I’m not a fan of the duplication of SELECT … FROM users
; but can refactor. More importantly, the above query is not answering the actual question.
Creating the Cohort Query Guided by the Previous Work
I need to shuffle some things around. I know how the total number of comments, articles, and number of comments for this most recent cohort.
Let’s make this a “user centered” query; I think that will help us out even more.
The following query uses two LEFT OUTER JOIN
declarations. Let’s walk through that just a bit, as I switched how I was implementing the queries.

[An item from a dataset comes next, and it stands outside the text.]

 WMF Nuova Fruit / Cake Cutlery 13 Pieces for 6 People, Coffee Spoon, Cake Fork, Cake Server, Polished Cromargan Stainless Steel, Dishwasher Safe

SELECT DISTINCT users.id AS user_id, articles.id AS article_id
FROM users
LEFT OUTER JOIN comments ON comments.user_id = users.id
AND comments.commentable_type = 'Article'
LEFT OUTER JOIN articles ON comments.commentable_id = articles.id
-- Only include articles that are welcome threads --
AND articles.title LIKE 'Welcome Thread - v%'
AND articles.published = true
AND articles.user_id = XXX
-- Only include recently registered users --
WHERE users.created_at::date > NOW()::date - INTERVAL '7 day'
AND username NOT LIKE ('spam_%')
In the above, we have two fields in our result set: user_id
and article_id
. In using those two LEFT OUTER JOIN
statements, we’re doing the following:
Give me all users (e.g. every row in the result set will have a non-nil value in the user_id
column). If they commented on a welcome article, provide that article_id
; otherwise leave that row’s ~article~_id nil.

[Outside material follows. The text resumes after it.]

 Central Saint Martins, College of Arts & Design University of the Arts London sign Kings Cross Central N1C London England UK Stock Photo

Again, you can see the “bones” of the previous queries but we’re approaching this query in a different manner.
At this point, I’m fairly confident I have what I need to explore writing a cohort analysis query. I haven’t done that yet, so I look for examples and to Blazer’s Cohort Analysis documentation.
I need a user_id
, conversion_time
, and cohort_time
. Below is the query I settled on.
In this case, I want the first time a user comments on any welcome thread to be the “time of conversion”; hence the MIN(comments.created_at) AS conversion_time
portion of the select clause.
And because I’m using the MIN()
aggregate function, I need to specify an aggregate function for the other returned column names (e.g. users.id
and users.created_at
); I use GROUP BY
function to aggregate those columns.
/* cohort analysis */
SELECT users.id AS user_id,
MIN(comments.created_at) AS conversion_time,
users.created_at AS cohort_time
FROM users
LEFT OUTER JOIN comments ON comments.user_id = users.id
AND comments.commentable_type = 'Article'
LEFT OUTER JOIN articles ON comments.commentable_id = articles.id
AND articles.title LIKE 'Welcome Thread - v%'
AND articles.published = true
AND articles.user_id = XXX
WHERE users.created_at BETWEEN
date_trunc('month', now() - interval '7' month)

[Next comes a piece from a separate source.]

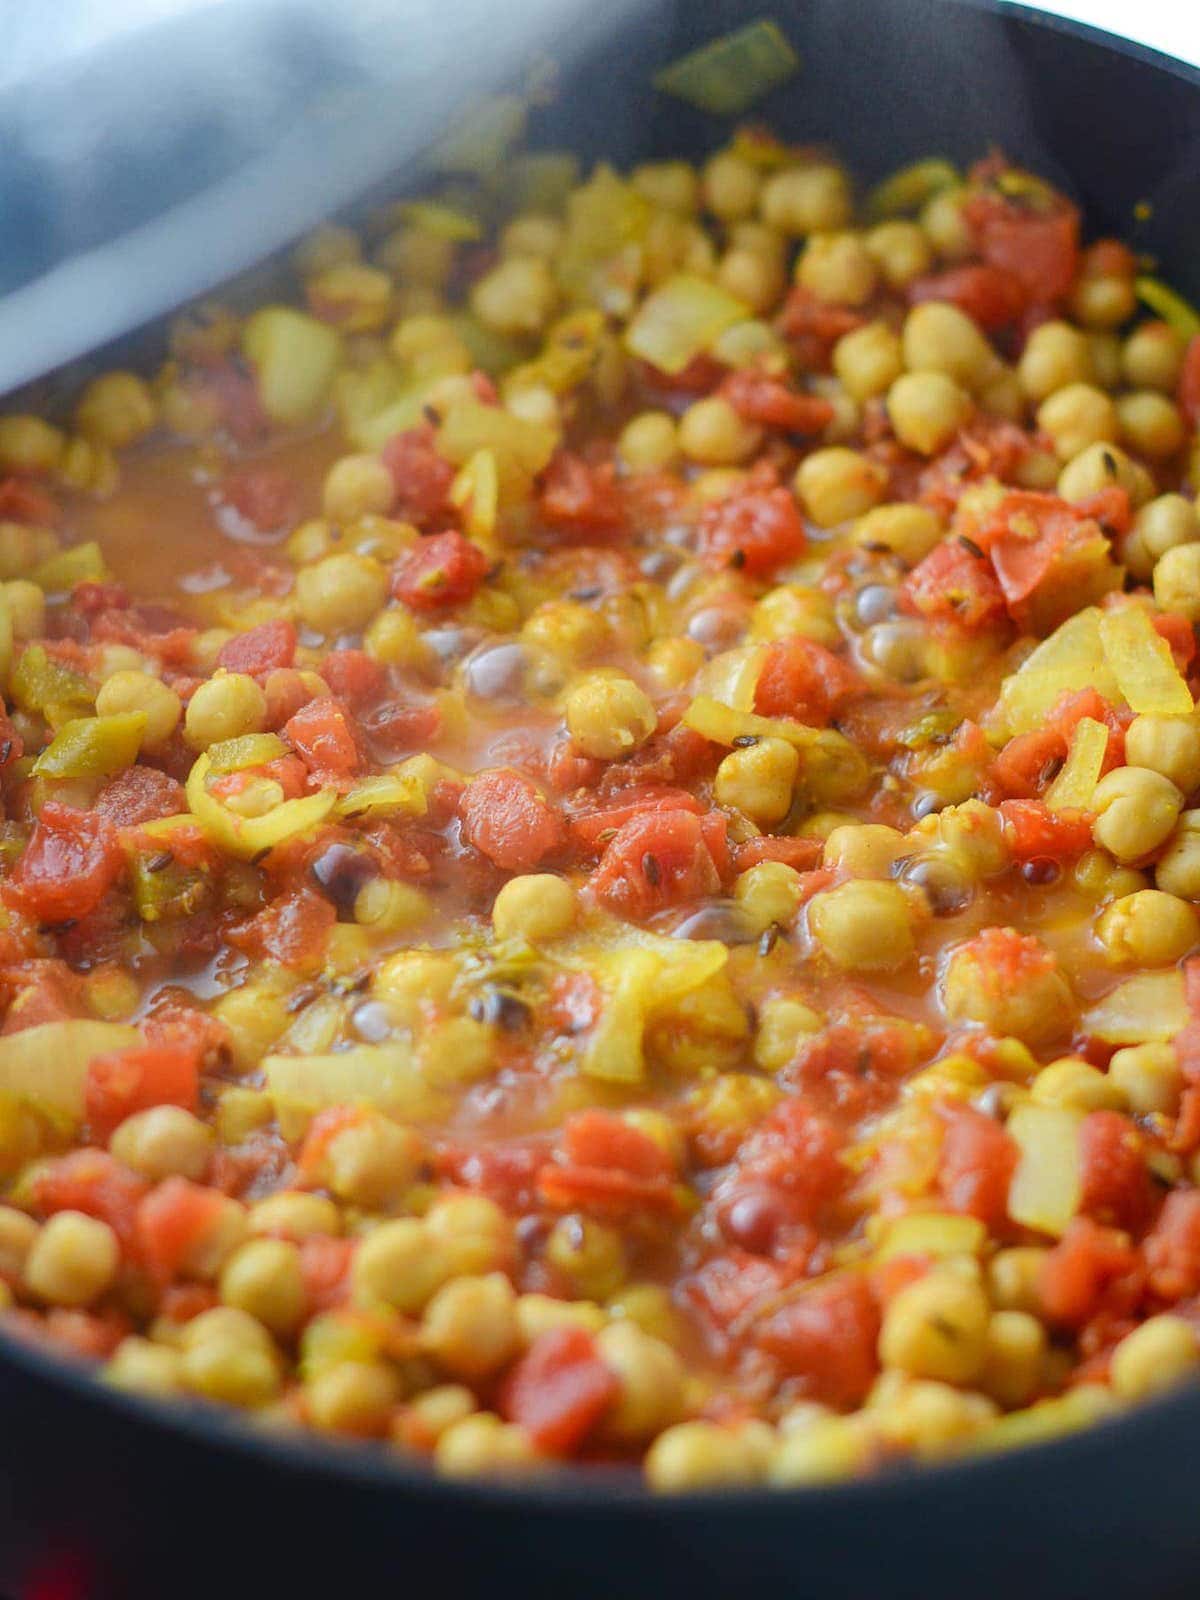 This is a photo of the cooking chana masala.

AND date_trunc('month', now())
GROUP BY users.id, users.created_at
As a note, when writing these cohort queries, if you run it without saving you won’t see the tabular cohort data but will instead see a result set with the three columns in the SELECT
statement.
Conclusion
This walk through went down a few pathways, but I feel it was a worthwhile journey to help share a more detailed approach for writing and composing SQL.